To assess whether PTEN loss affects the ability of tumor cells to colonize the lung in MMTV-NIC mice, lungs from tumor-bearing females were subjected to histological analyses to detect the presence of lung lesions. Overall, the percentage of mice with lung metastases was increased in the PTEN−/−/NIC (87.5%) compared with PTEN+/−/NIC mice (53%) and the parental strain (56%) (Fig. 1B, left panel). Interestingly, we found a significant increase in the average number of lung lesions in the PTEN-deficient/NIC mice (2 metastases/lung lobe) relative to the parental strain (0.6 metastases/lung lobe) (Fig. 1B, right panel).

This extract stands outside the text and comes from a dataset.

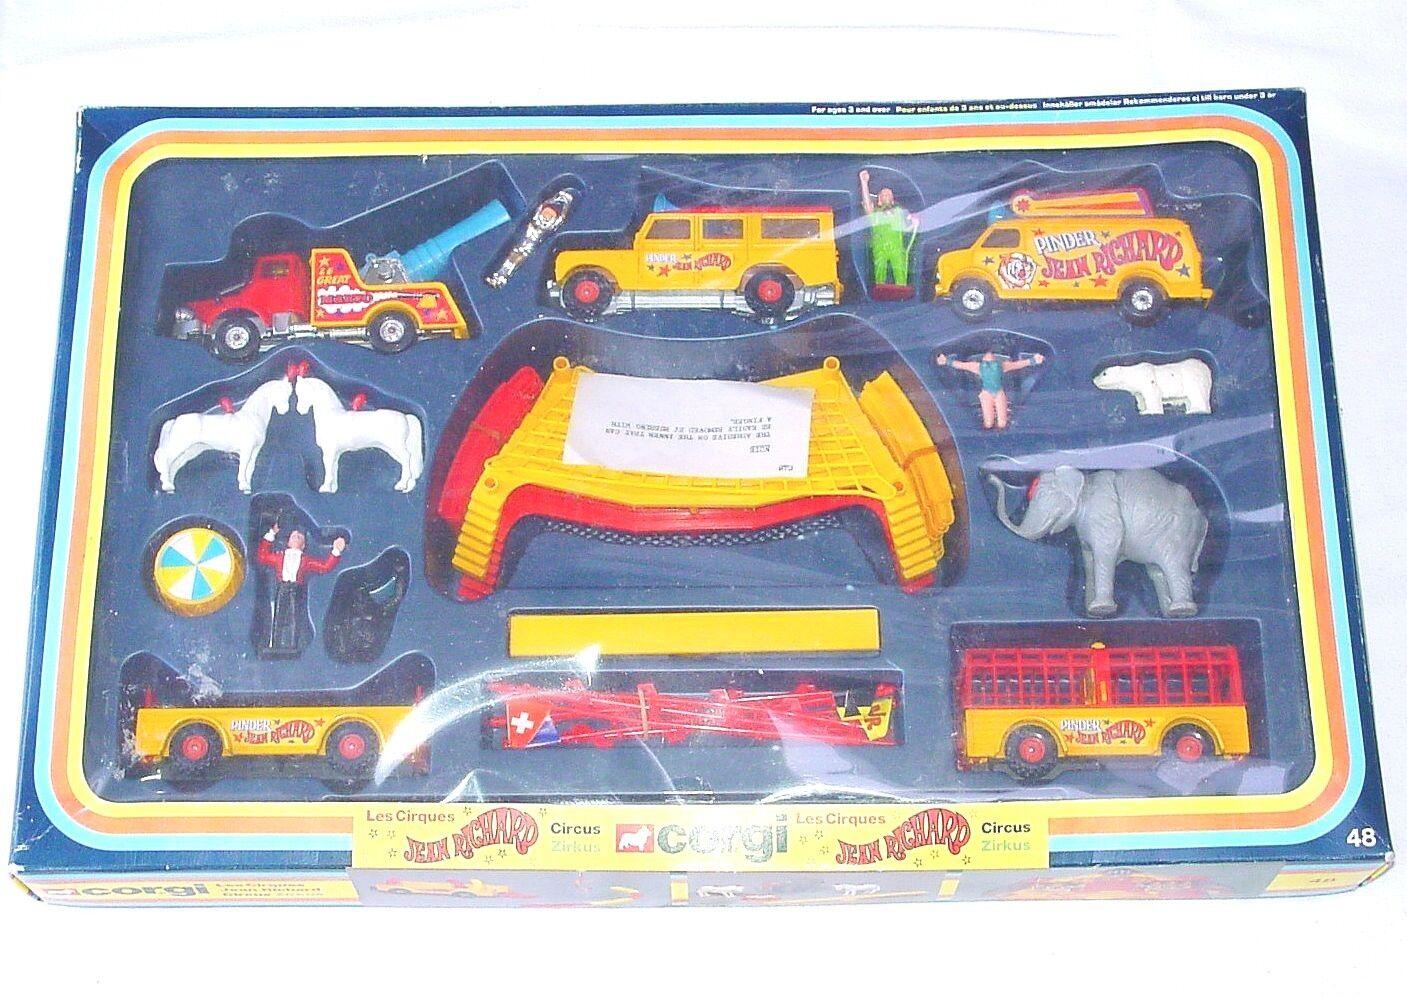 Corgi Toys 1 35 CIRCUS JEAN RICHARD + VEHICLES + ACROBATS + CLOWN + TENT NMIB`78

Histological assessment of PTEN-deficient/NIC-derived mammary tumors revealed a morphology similar to that observed in MMTV-NIC tumors. Unlike the morphological heterogeneity observed in the PTEN-deficient/ErbB-2KI mouse model (20), the PTEN-deficient/NIC-derived tumors are composed of large nodular nests with central necrosis that resemble the parental tumors (Fig. 1C).
Moreover, a histological survey of adjacent mammary glands from tumor-bearing mice revealed that 81% of the MMTV-NIC adjacent mammary gland structures represent relatively normal ducts/acini, whereas 1% categorize as early mammary intraepithelial neoplasms (MINs), 8% as hyperplasia and 10% as ectasia (supplemental Fig. 1C). In comparison, PTEN-deficient/NIC adjacent mammary glands contained only 38% relatively normal ducts/acini, 8% early MINs, 20% hyperplasia, and 34% ectasia, suggesting that PTEN inactivation may result in increased numbers of pre-neoplastic structures associated with early stages of tumorigenesis (supplemental Fig. 1C). Collectively, these observations suggest that impairment of PTEN has a dramatic impact on both tumor initiation and metastatic potential in ErbB-2-mediated mammary tumorigenesis.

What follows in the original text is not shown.